Targeted Mobility Interventions Reduce the Spread of COVID-19: A Simulation Study on Real Mobility Data
Haotian Wang, Abhirup Ghosh, Jiaxin Ding, Rik Sarkar, Jie Gao
Received date: 22nd September 2020
Major interventions have been introduced worldwide to slow down the spread of the SARS-CoV-2 virus. Large scale lockdown of human movements are effective in reducing the spread, but they come at a cost of significantly limited societal functions. We show that natural human movements are statistically diverse, and spread of the disease is significantly influenced by a small group of active individuals and gathering venues. We find that interventions focused on these most mobile individuals and popular venues reduce both the peak infection rate and the total infected population while retaining high levels of social activity. These trends are seen consistently in simulations with real human mobility data of different scales, resolutions, and modalities from multiple cities across the world. The observation implies that compared to broad sweeping interventions, more targeted strategies based on the network effects in human mobility provide better balance between pandemic control and normal social activities.

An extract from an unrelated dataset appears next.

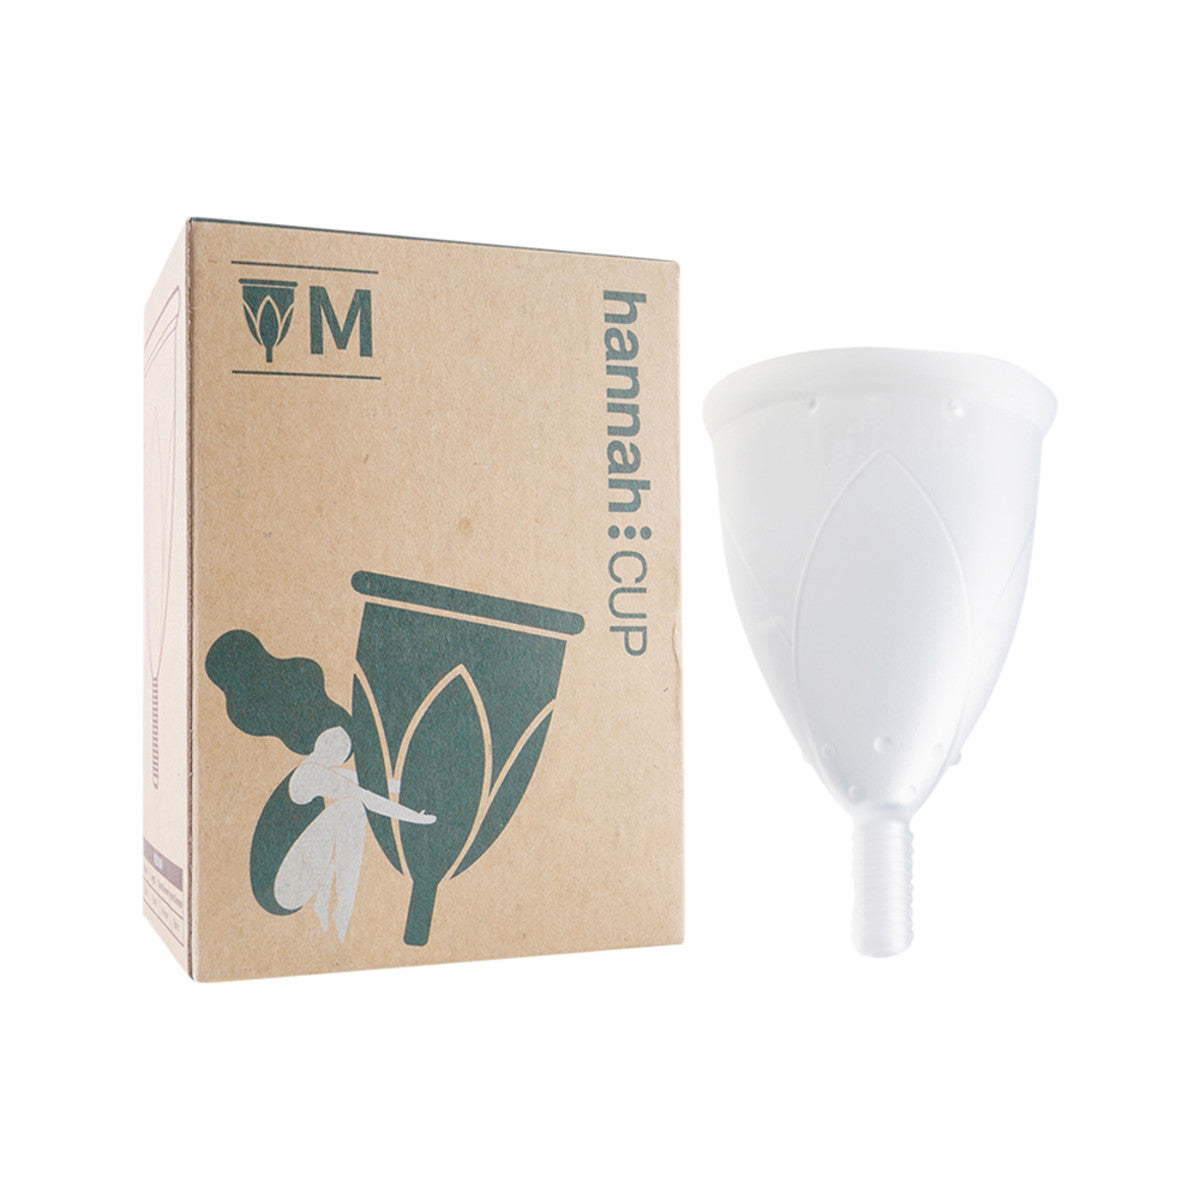 Hannah Cup Menstrual Cup, Small Or Medium Size

This is an abstract of a preprint hosted on a preprint server, which is currently undergoing peer review at Scientific Reports. The findings have yet to be thoroughly evaluated, nor has a decision on ultimate publication been made. Therefore, the results reported should not be considered conclusive, and these findings should not be used to inform clinical practice, or public health policy, or be promoted as verified information.